*Dataset excerpt*

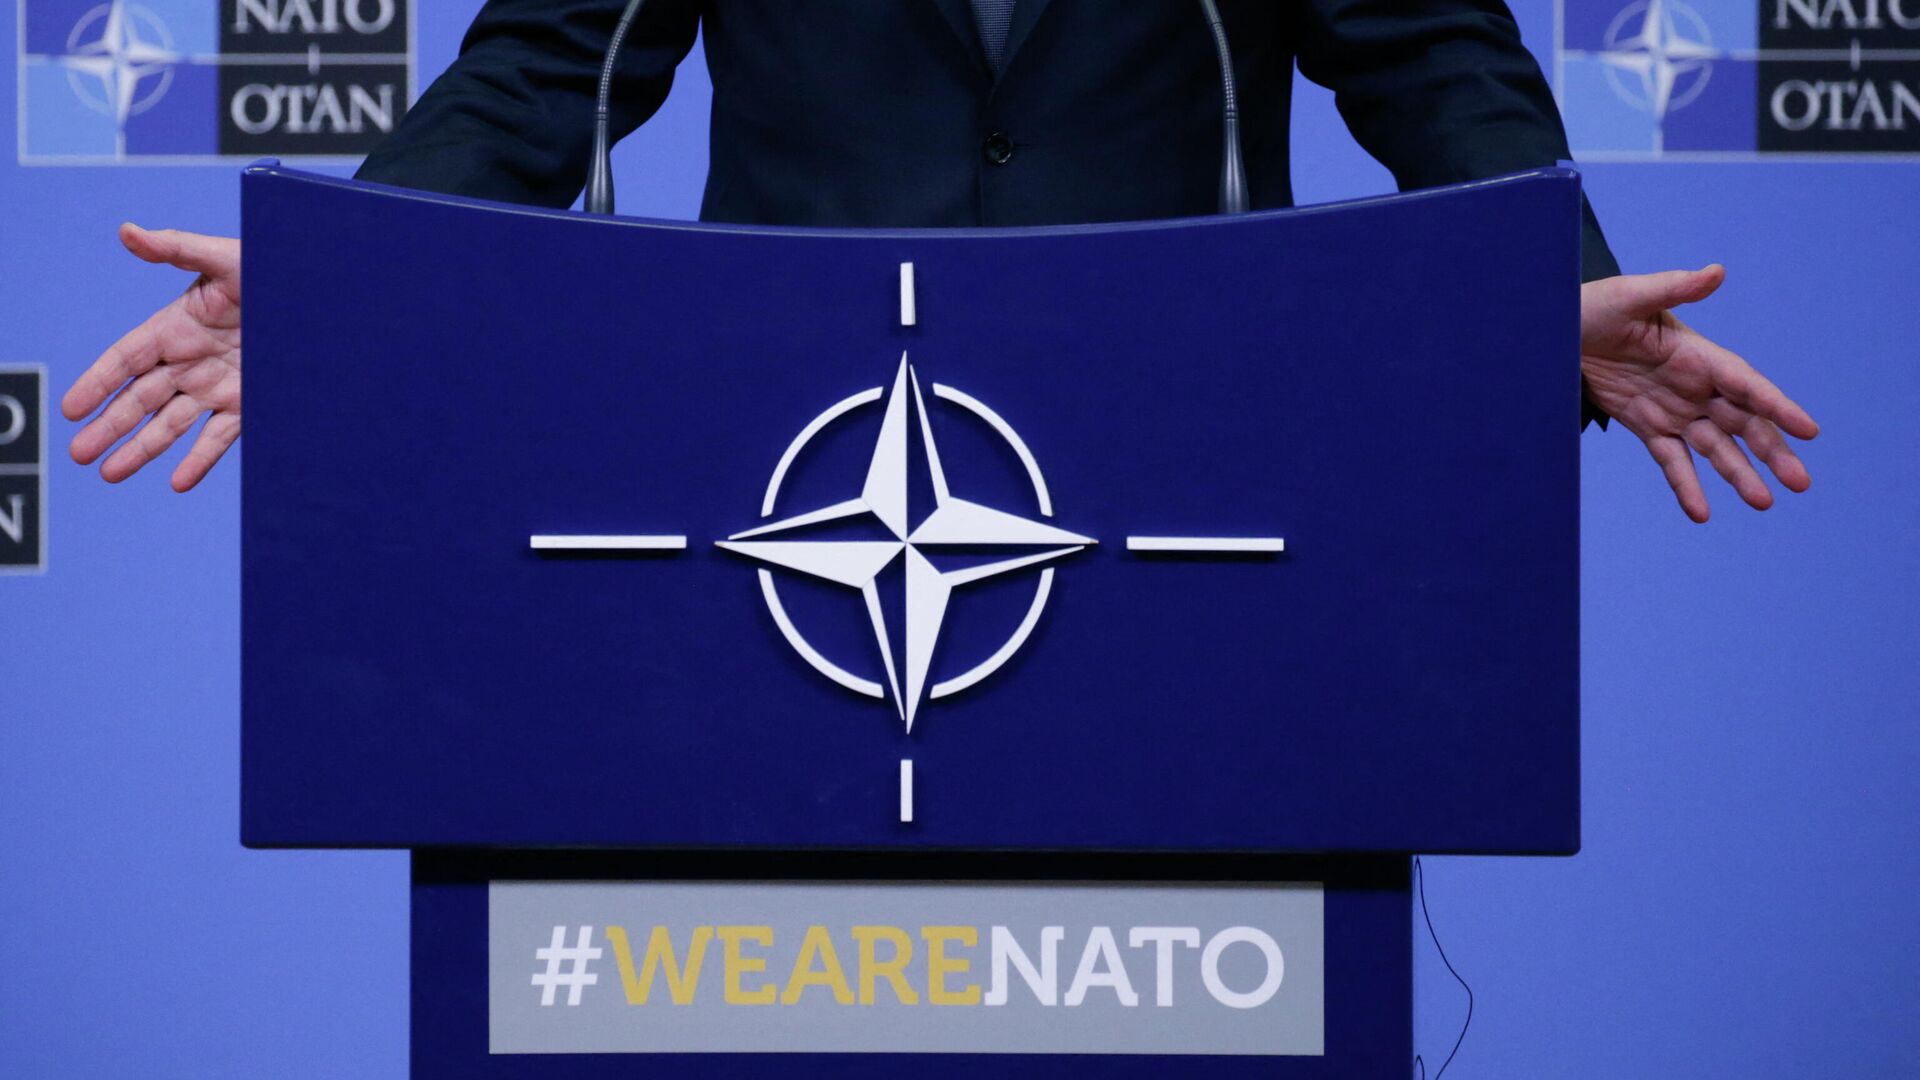 Логотип НАТО. Генеральный секретарь НАТО Йенс Столтенберг проводит пресс-конференцию во время встречи министров обороны стран НАТО в Брюсселе, 13 февраля 2020 г. - РИА Новости, 1920, 14.01.2022
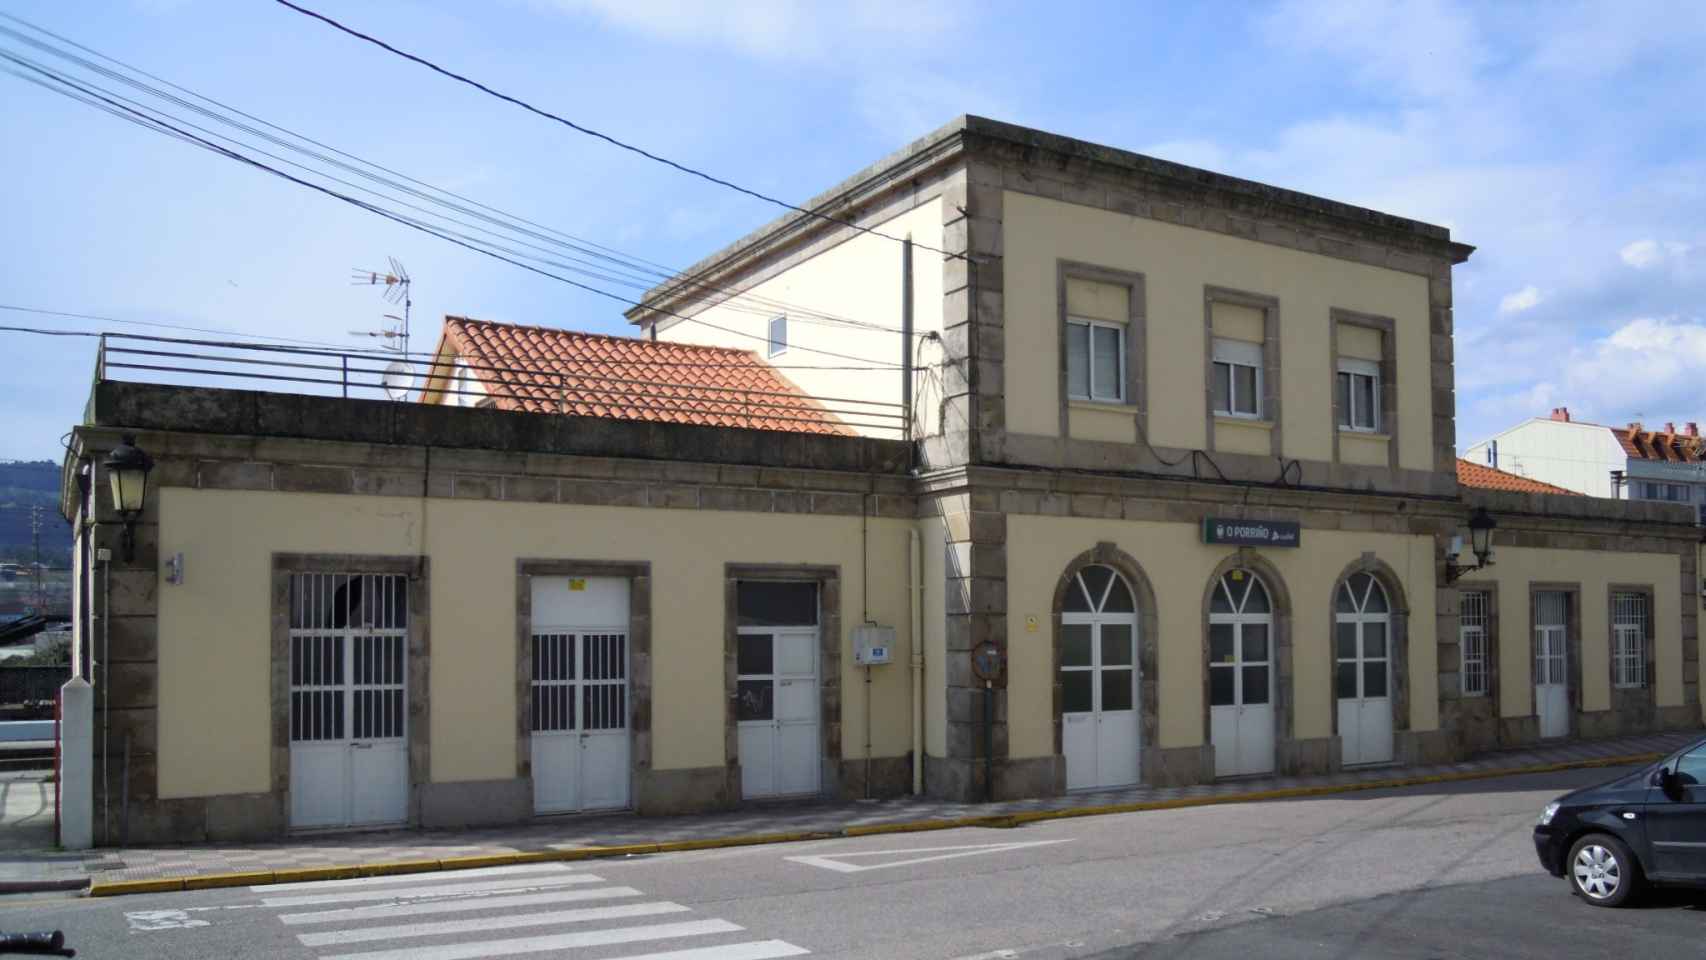 Estación de tren de O Porriño.
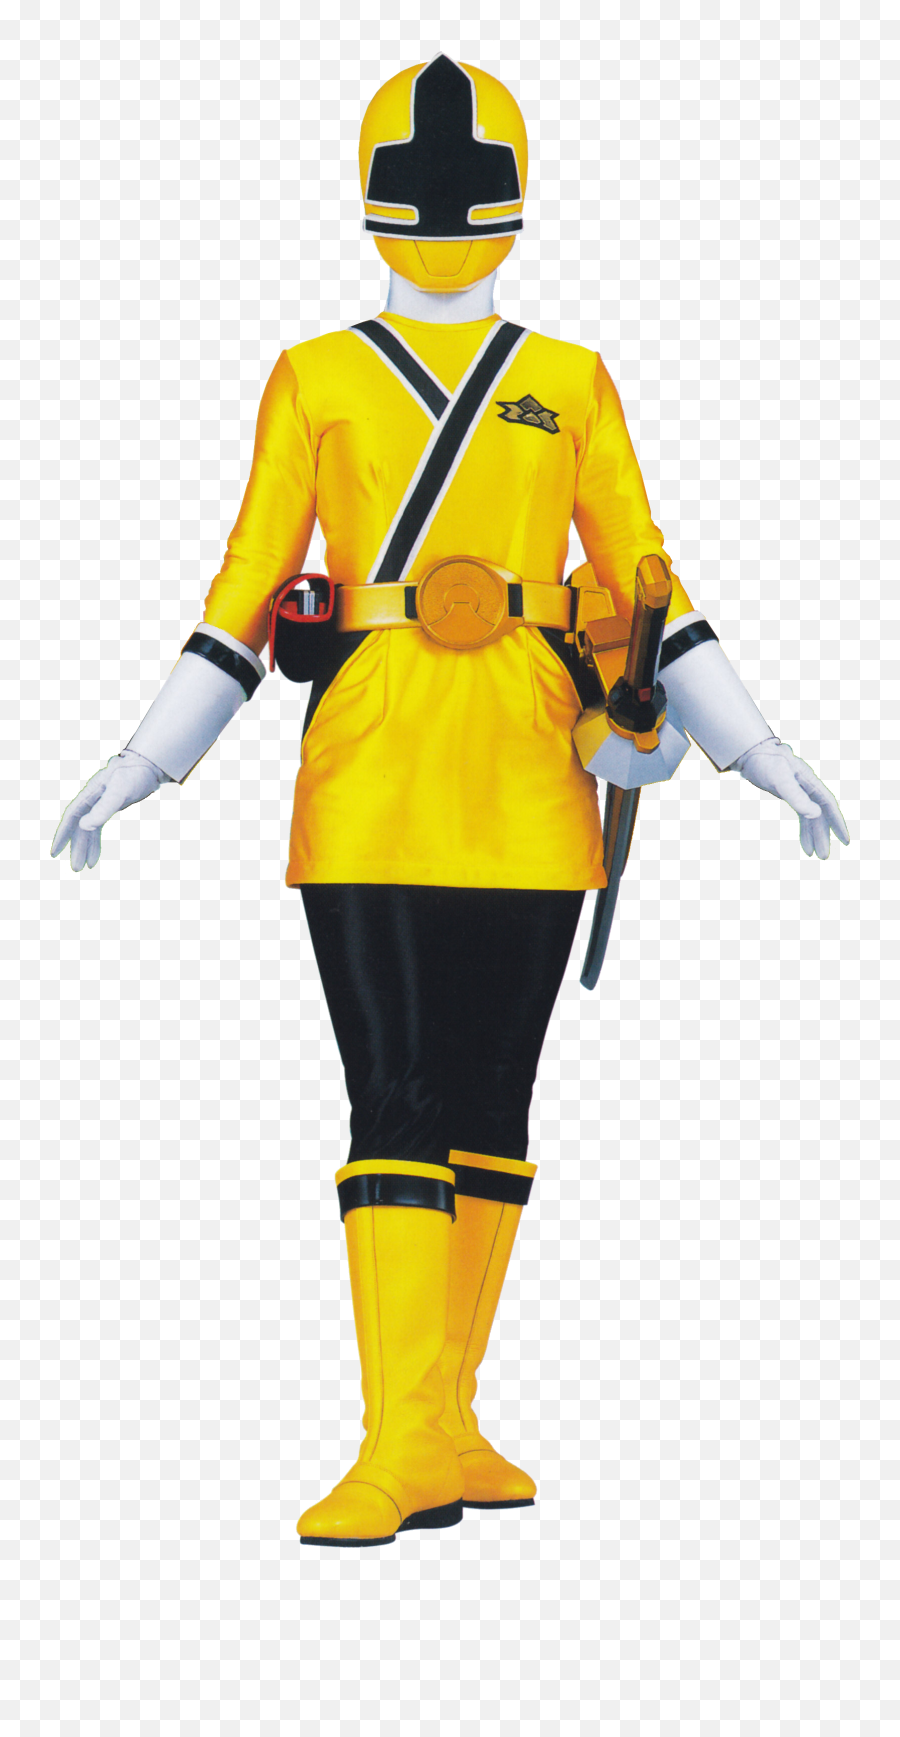 Emily Yellow Samurai Ranger - Yellow Samurai Ranger Emoji,Facebook Pink Blue Power Ranger Emoticon

*What to do*
In your answer, give every line of the listing above exactly, and do not include the images.

*Exercise answer*
 Логотип НАТО. Генеральный секретарь НАТО Йенс Столтенберг проводит пресс-конференцию во время встречи министров обороны стран НАТО в Брюсселе, 13 февраля 2020 г. - РИА Новости, 1920, 14.01.2022
 Estación de tren de O Porriño.
 Emily Yellow Samurai Ranger - Yellow Samurai Ranger Emoji,Facebook Pink Blue Power Ranger Emoticon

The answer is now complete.